- Operation Bretagne: Part of First Indochina War
| Date | 1 December 1952 – 4 January 1953 |
| Location | South of the Red River, between Nam Định and the sea |
| Result | French Union victory |

Belligerents
- French Union France; French Indochina State of Vietnam; ;: Democratic Republic of Vietnam Việt Minh;

Commanders and leaders
- General de Berchoux Colonel de Monclard: Võ Nguyên Giáp

Strength
- 4 Mobile Groups 2 Amphibian Sub-Group: 9th Regiment (Division 304) 48th Regiment (Division 320)

Casualties and losses
- Unknown: Unknown

= Operation Bretagne =

Operation Bretagne was a French Union military operation between 1 December 1952 and 4 January 1953, during the First Indochina War.

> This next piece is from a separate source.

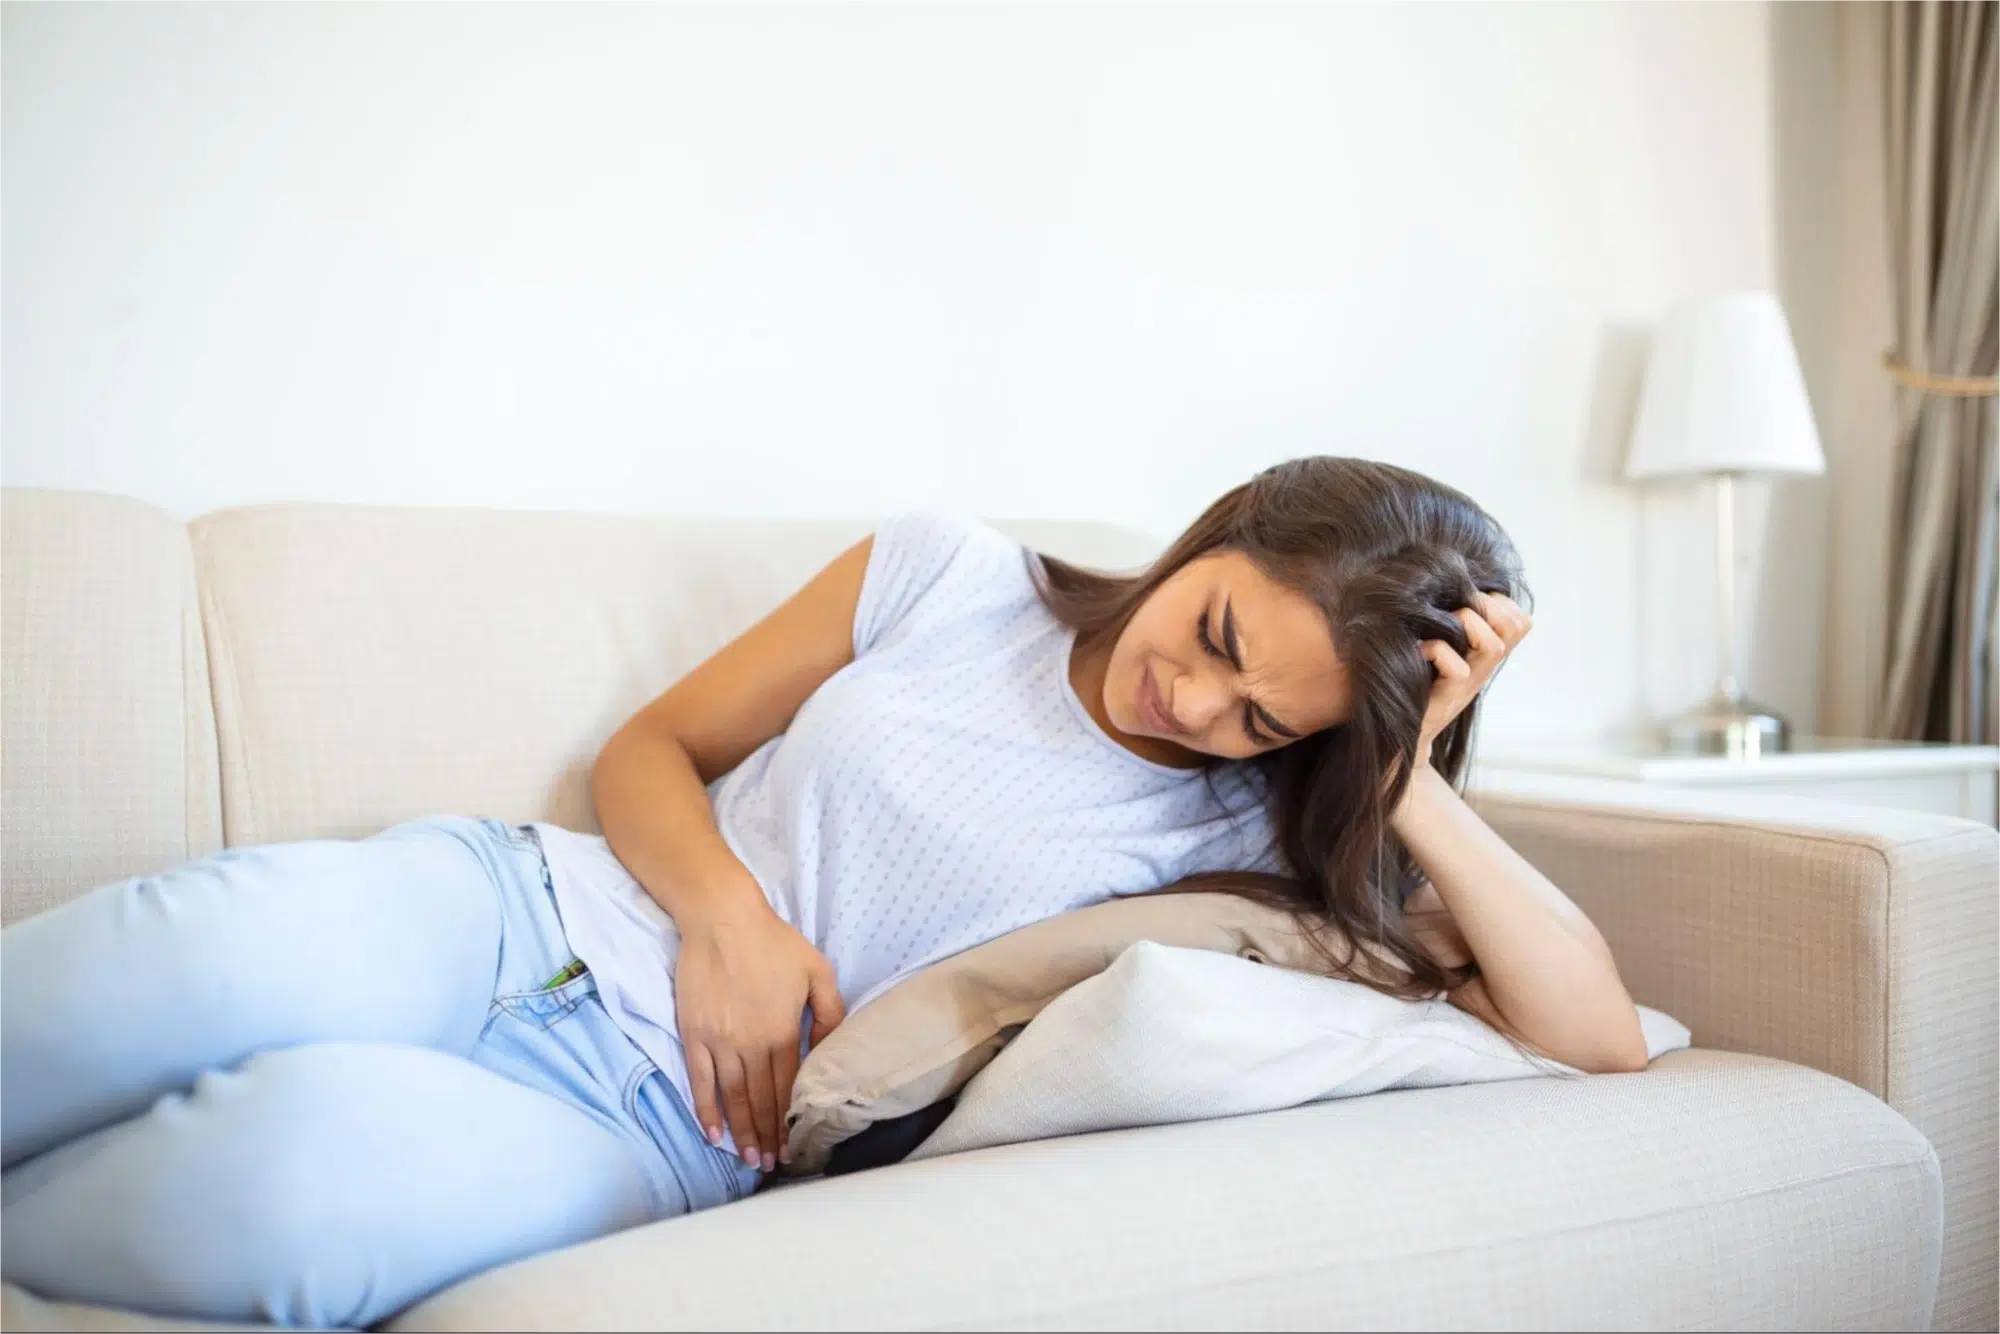 What’s Irritable Bowel Syndrome? Here’s What You Should Know
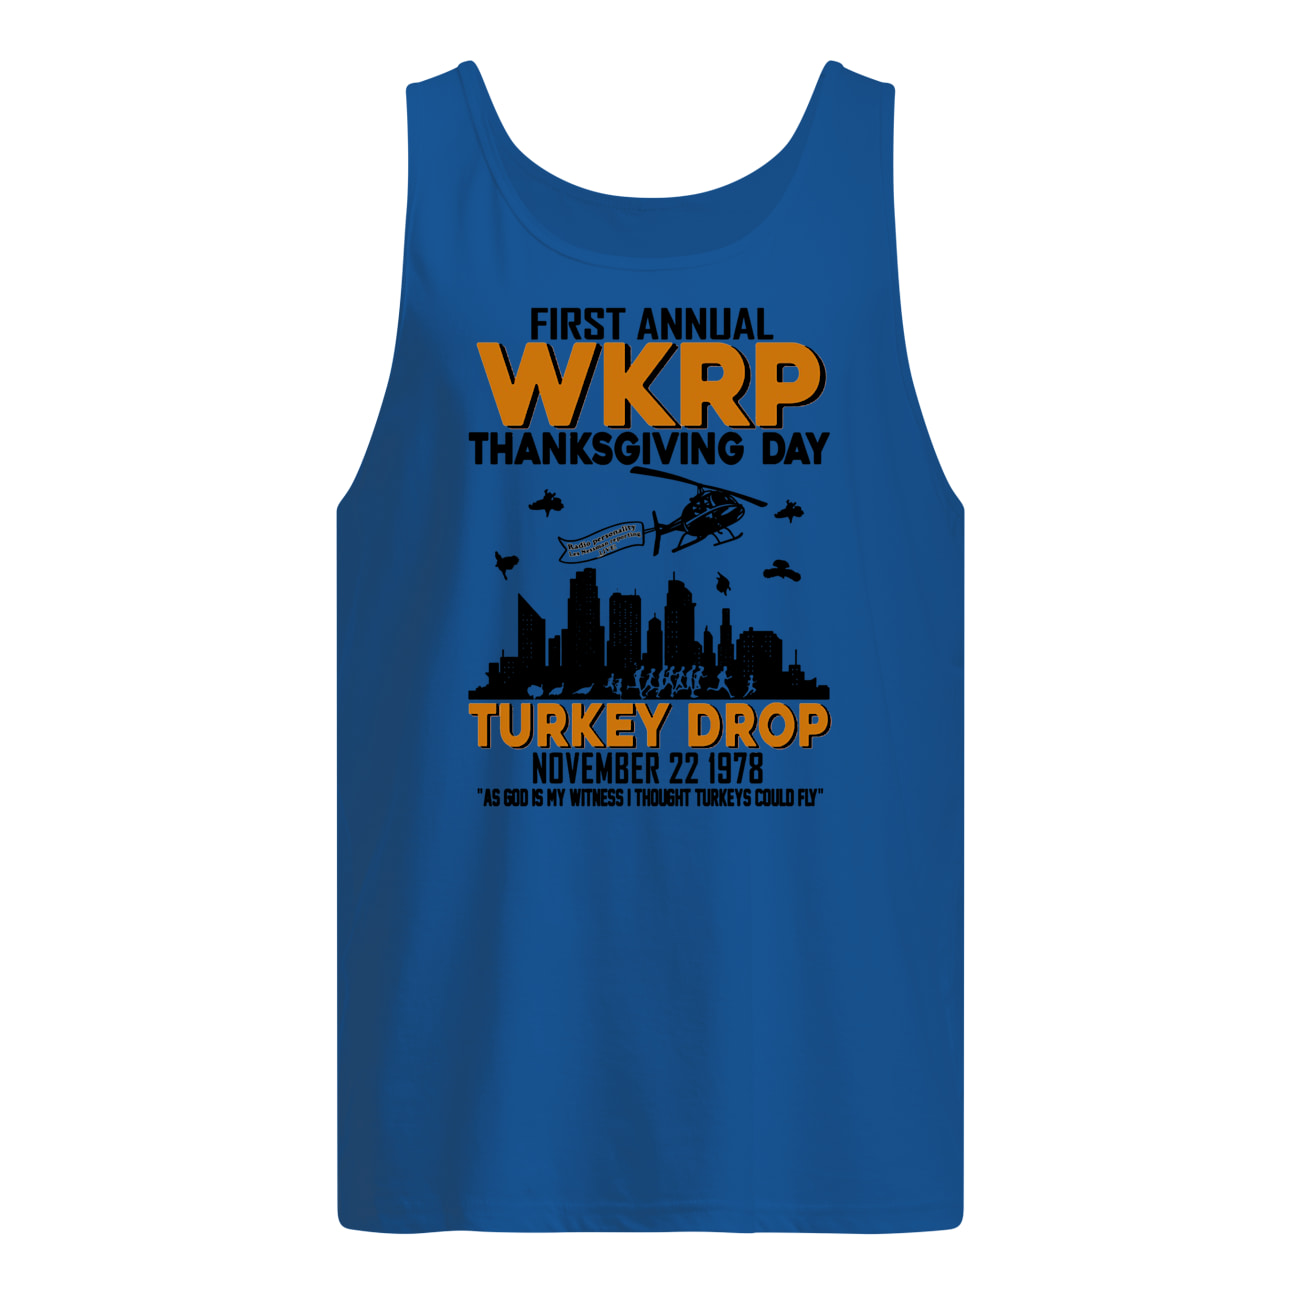 First annual wkrp thanksgiving day turkey drop november 22 1978 tank top

Four Mobile Groups (Groupes Mobiles, GM) and General de Berchoux's two Amphibian Sub-Groups hunted and engaged the 9th Regiment (304th Division) and the 48th Regiment (320th Division) of the Viet Minh, who were threatening the bishopric of Bui Chu, in Nam Định province. Defeated, the Việt Minh split in small groups, disguised themselves with peasant clothes and escaped to the south.